Санин опустился на стул, как только тот вышел, и уставился на пол. «Что, мол, это такое? Как это вдруг так завертелась жизнь? Все прошедшее, все будущее вдруг стушевалось, пропало – и осталось только то, что я во Франкфурте с кем-то за что-то дерусь». Вспомнилась ему одна его сумасшедшая тетушка, которая, бывало, все подплясывала и напевала:

 
Подпоручик!
Мои огурчик!
Мой амурчик!
Пропляши со мной, голубчик!
 

И он захохотал и пропел, как она: «Подпоручик! пропляши со мной, голубчик!»

– Однако надо действовать, не терять времени, – воскликнул он громко – вскочил и увидал перед собой Панталеоне с записочкой в руке.

– Я несколько раз стучался, но вы не отвечали; я подумал, что вас дома нет, – промолвил старик и подал ему записку. – От синьорины Джеммы.

Санин взял записку – как говорится, машинально, – распечатал и прочел ее. Джемма писала ему, что она весьма беспокоится по поводу известного ему дела и желала бы свидеться с ним тотчас.

– Синьорина беспокоится, – начал Панталеоне, которому, очевидно, было известно содержание записки, – она велела мне посмотреть, что вы делаете, и привести вас к ней.

Санин взглянул на старого итальянца – и задумался. Внезапная мысль сверкнула в его голове. В первый миг она показалась ему странной до невозможности…

«Однако… почему же нет?» – спросил он самого себя.

– Господин Панталеоне! – произнес он громко. Старик встрепенулся, уткнул подбородок в галстук и уставился на Санина.

– Вы знаете, – продолжал Санин, – что произошло вчера?

Панталеоне пожевал губами и тряхнул своим огромным хохлом.

– Знаю.

(Эмиль только что вернулся, рассказал ему все.)

– А! знаете! Ну, так вот что. Сейчас от меня вышел офицер. Тот нахал вызывает меня на поединок. Я принял его вызов. Но у меня нет секунданта. Хотите вы быть моим секундантом?

Панталеоне дрогнул и так высоко поднял брови, что они скрылись у него под нависшими волосами.

– Вы непременно должны драться? – проговорил он, наконец, по-итальянски; до того мгновения он изъяснялся по-французски.

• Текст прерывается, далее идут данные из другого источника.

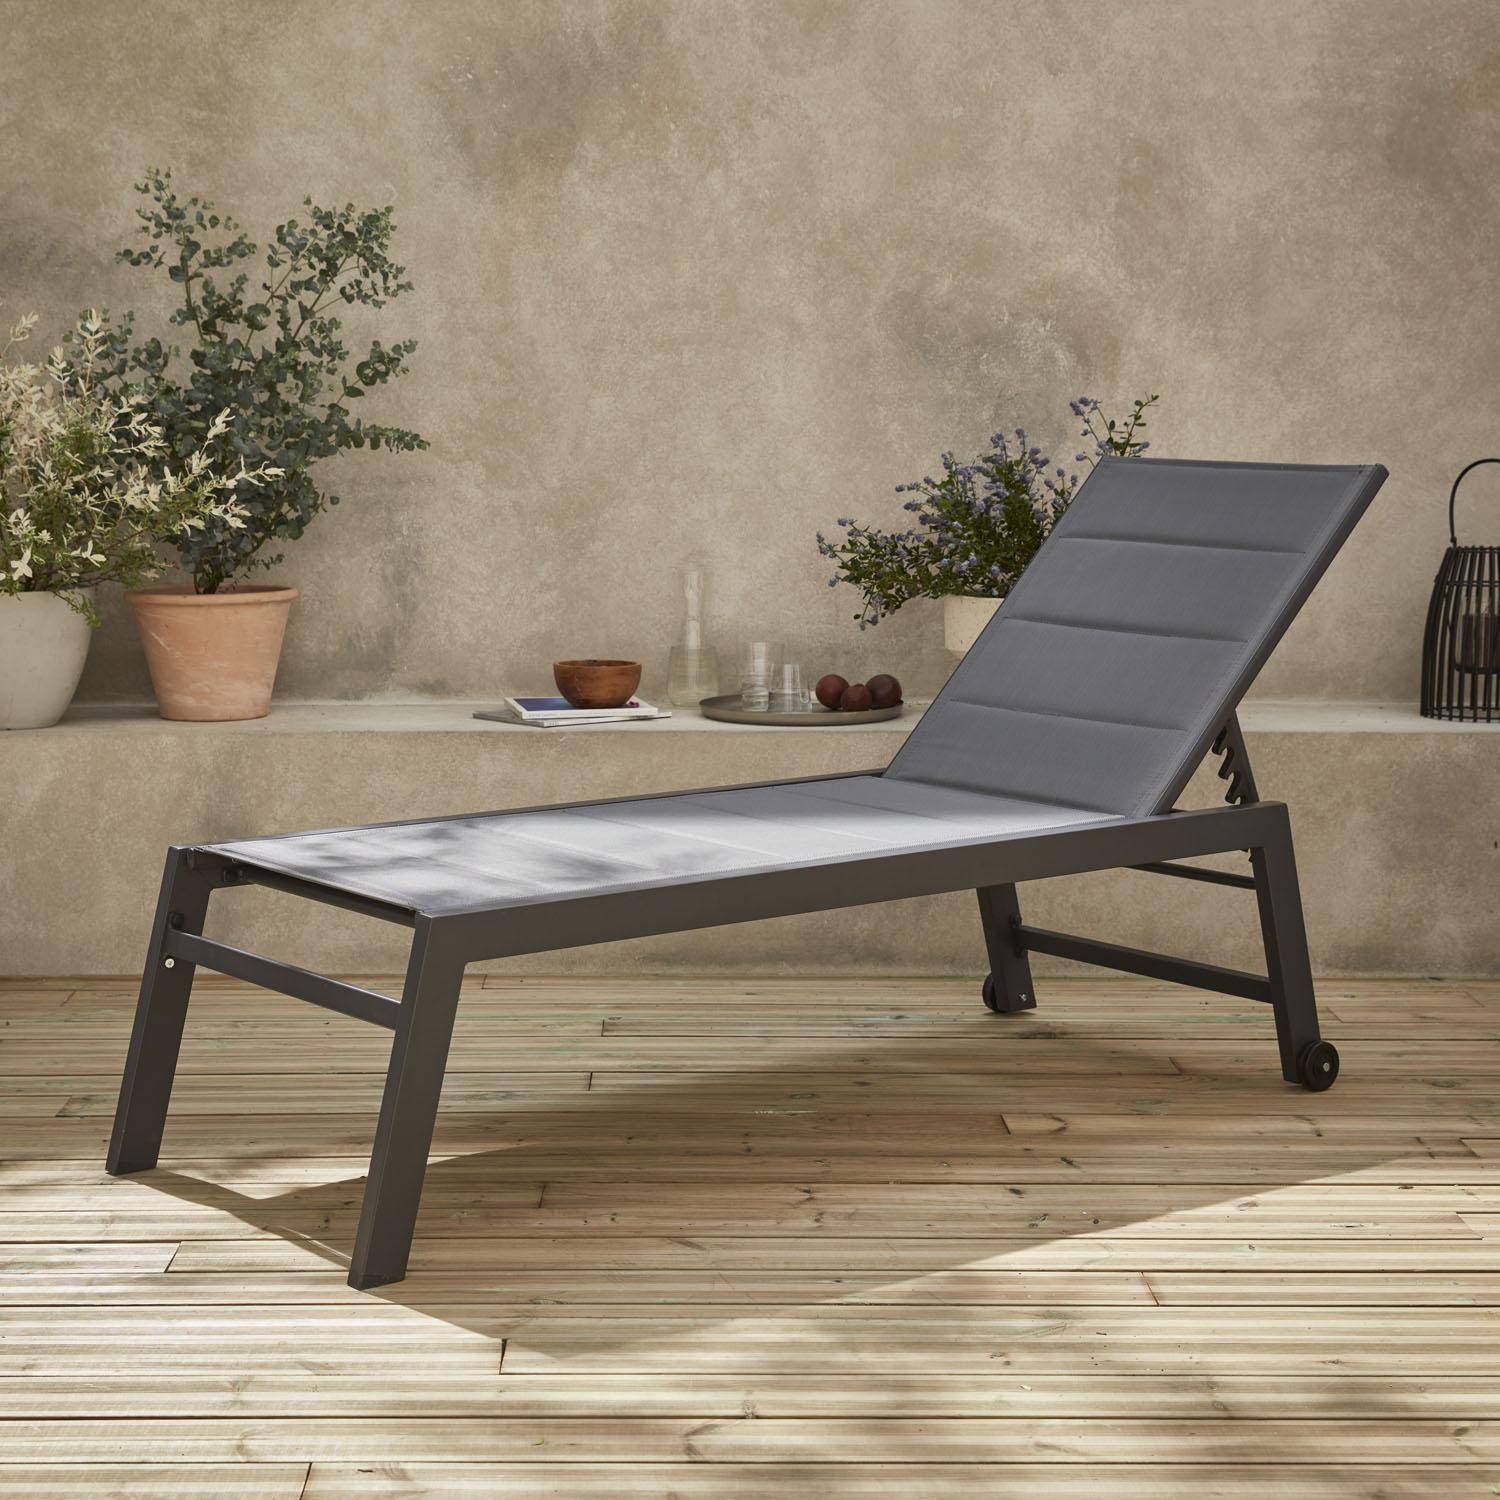 Sonnenliege - Solis - Liegestuhl mit 6 Positionen aus Textilene und Aluminium, anthrazitgraues Gestell, graues Textilene Photo1

– Непременно. Иначе поступить – значило бы опозорить себя навсегда.

– Гм. Если я не соглашусь пойти к вам в секунданты, – то вы будете искать другого?

– Буду… непременно.

Панталеоне потупился.

– Но позвольте вас спросить, синьор де-Цанини, не бросит ли ваш поединок некоторую неблаговидную тень на репутацию одной персоны?

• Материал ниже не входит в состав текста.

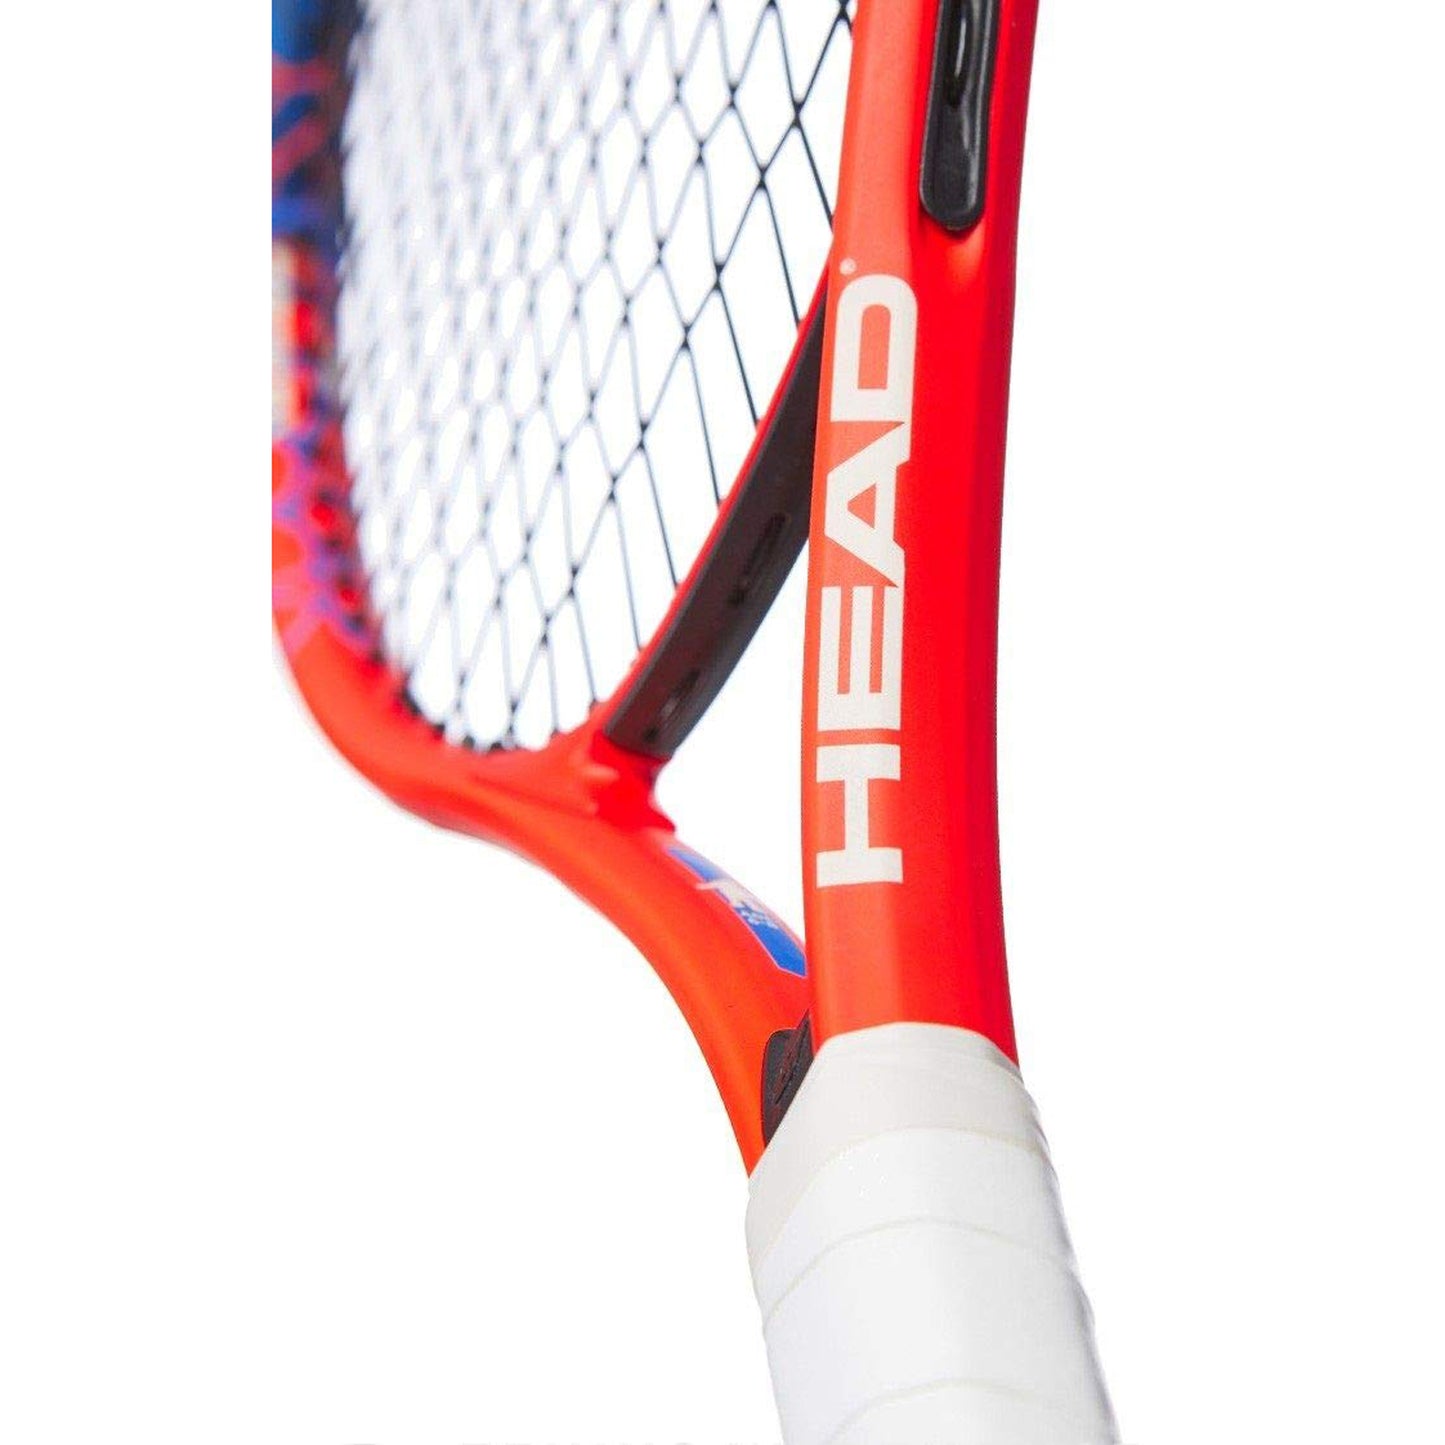 HEAD Radical 23 Strung Tennis Racquet for Juniors, 3/6-8 - Best Price online Prokicksports.com

– Не полагаю; но, как бы то ни было – делать нечего.

– Гм. – Панталеоне совсем ушел в свой галстук. – Ну, а тот феррофлукто Клуберио, – что же он? – воскликнул он вдруг и вскинул лицо кверху.

– Он? Ничего.

– Кэ! (Che!)[29] – Панталеоне презрительно пожал плечами. – Я должен во всяком случае благодарить вас, – произнес он, наконец, неверным голосом, – что вы и в теперешнем моем уничижении умели признать во мне порядочного человека – un galant’uomo! Поступая таким образом, вы сами выказали себя настоящим galant’uomo. Но я должен обдумать ваше предложение.

– Время не терпит, любезный господин Чи… чиппа…

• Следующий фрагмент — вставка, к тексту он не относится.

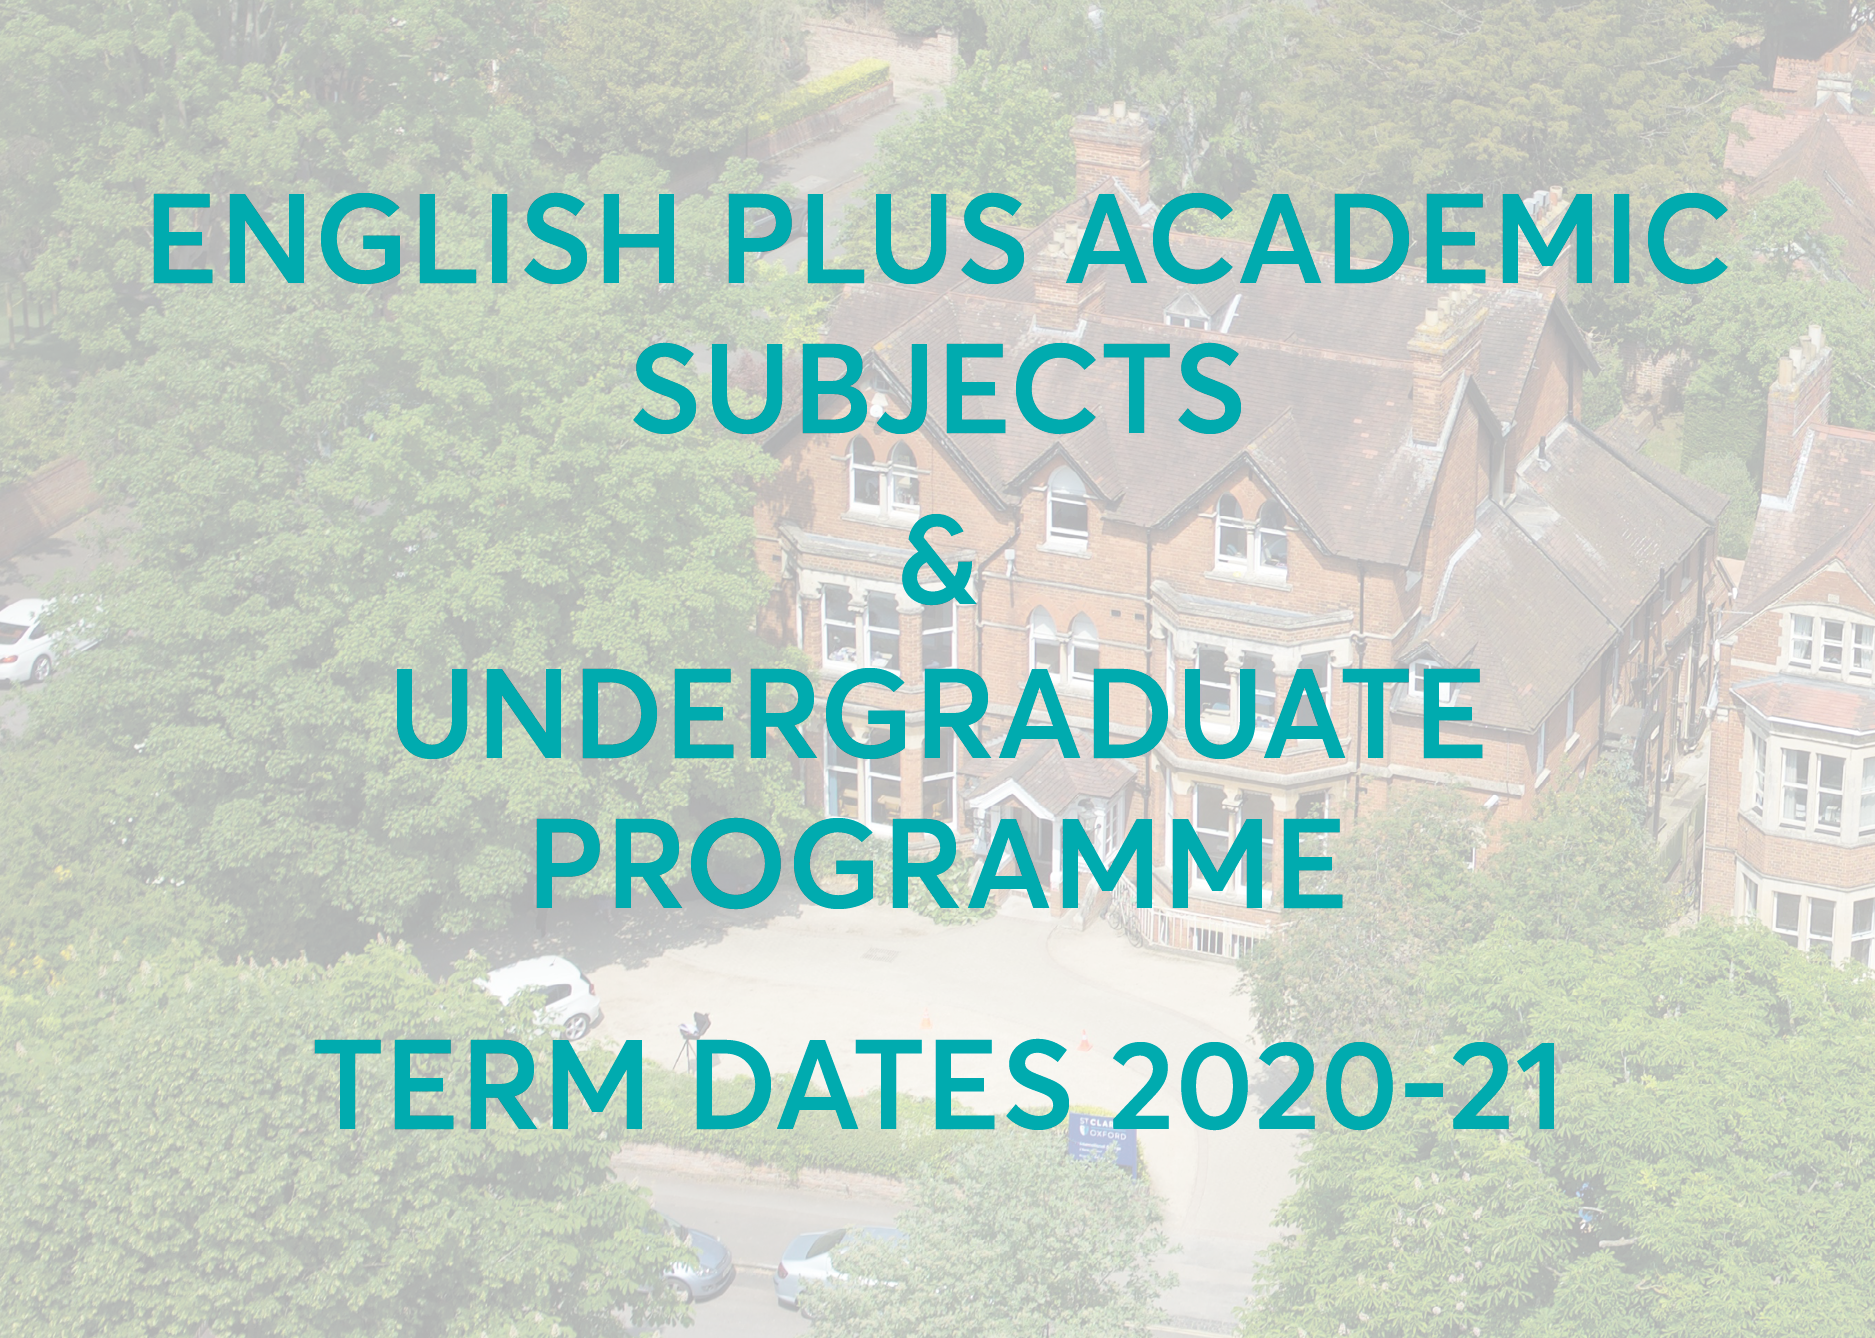 Undergraduate Programme Term Dates

– Тола, – подсказал старик. – Я прошу всего один час на размышление. Тут замешана дочь моих благодетелей… И потому я должен, я обязан – подумать!!. Через час… через три четверти часа – вы узнаете мое решение.

– Хорошо; я подожду.

– А теперь… какой же я дам ответ синьорине Джемме?

Санин взял листок бумаги, написал на нем: «Будьте покойны, моя дорогая приятельница, часа через три я приду к вам – и все объяснится. Душевно вас благодарю за участие» – и вручил этот листик Панталеоне.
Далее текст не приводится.